THE INSTITUTE OF THINGS TO COME
The Institute of Things to Come is an itinerant art programme aimed at investigating forms of
imaginative speculation as cultural strategies and methodologies for critical positions. Founded in
2017 by artist Ludovica Carbotta and curator Valerio Del Baglivo, each year The Institute focuses
on a different theme, inviting artists to present works that interact with other disciplines. At the
centre of each yearly theme are a series of artworks, interrogated through conferences
projections, seminars and exhibitions. Moreover The Institute conducts a nine-months Associates
Programme, allowing young participants to develop their practice and contribute to the public
programme in concert with the yearly theme.

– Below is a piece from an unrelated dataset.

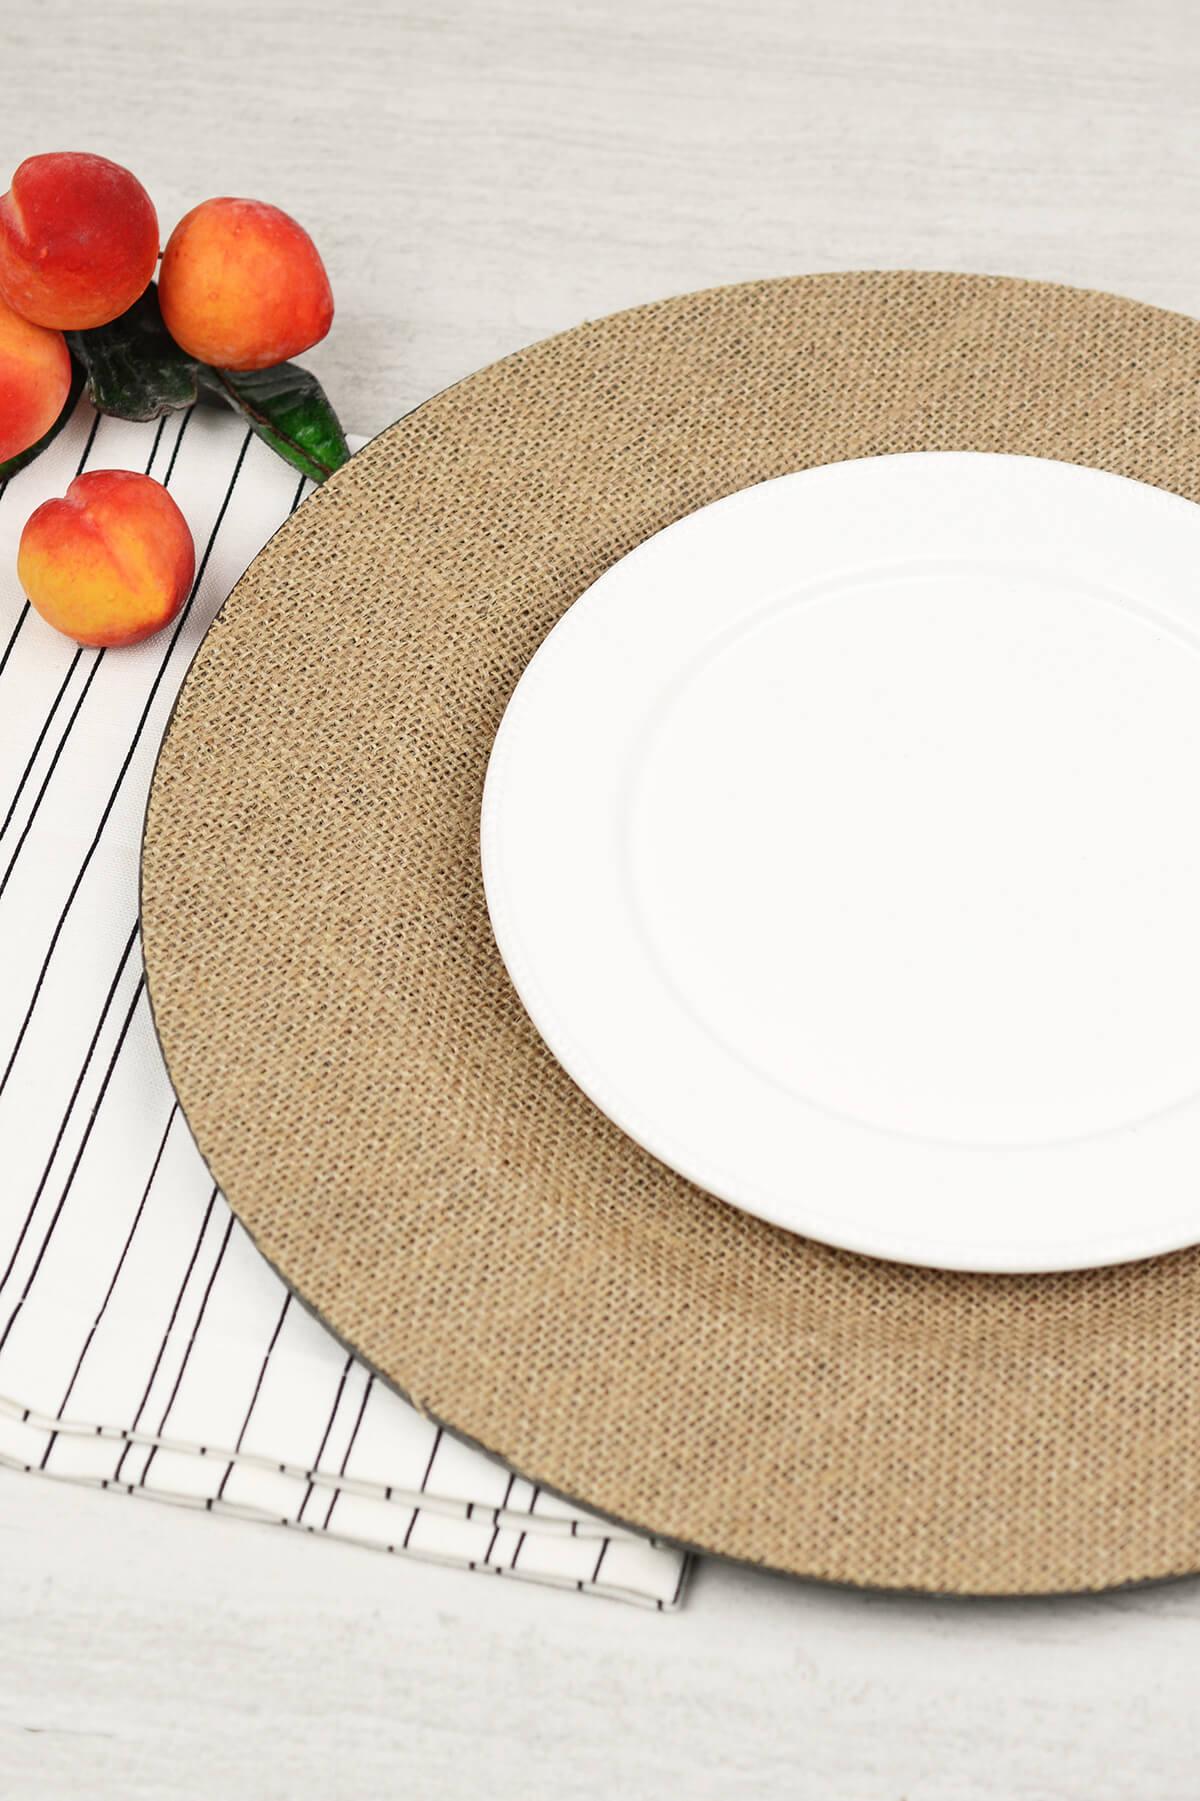 Burlap Charger Plates & Chargers \u0026 Serveware

Since 2017 the programme has collaborated with Fondazione Sandretto Re Rebaudengo (Turin),
Universita degli Studi di Torino, Grazer Kunstverein (Graz).
Goda Palekaite (Vilnius, 1987)
Goda Palekaitė is an artist and researcher whose work can be described as a combination of artistic, theatrical and anthropological practices. It evolves around long-term projects exploring the politics of historical narratives, the agency of dreams and collective imagination, and social conditions of creativity. Their outcomes usually manifest as performances, scenographies, installations, and texts. Her solo show “Legal Implications of a Dream” was recently opened at the RawArt gallery in Tel Aviv and the Art Cube Artists’ Studios, Jerusalem. In the last year her performances and installations have been presented at the “Swamp pavilion” in The Biennale Architettura 2018 in Venice, Contemporary Art Center (CAC) and the Lithuanian National Drama Theatre in Vilnius, and Kanal - Centre Pompidou in Brussels. In 2019 Palekaitė received The Golden Stage Cross (highest Lithuanian theatre award). Goda is based in Brussels and Vilnius.
Quinsy Gario is a visual and performance artist from the Caribbean islands that have Dutch colonization in common. He focuses on decolonial remembering and the actions that that remembering can engender. His most well-known work, Zwarte Piet Is Racisme (2011–2012), critiqued the general knowledge surrounding the racist Dutch figure and practice of Zwarte Piet (Black Pete), later bringing into the open the governmental institutional support that keeps the figure alive in the Netherlands. He has an academic background in media studies, gender studies and postcolonial studies, is a graduate of the Master Artistic Research program at the Royal Academy of Art, The Hague and was a recurring participant of the Black Europe Body Politics conference series.
He received the Royal Academy Master Thesis Prize 2017, the Black Excellence Award 2016, the Amsterdam Fringe Festival Silver Award 2015, the Dutch Caribbean Pearls Community Pearl Award 2014 and the Hollandse Nieuwe 12 Theatermakers Prize 2011. In 2017 he received a Humanity in Action Detroit Fellowship and in 2017/2018 he was a BAK Fellow. Gario is a board member of De Appel, a member of Family Connection and of the pan-African artist collective State of L3.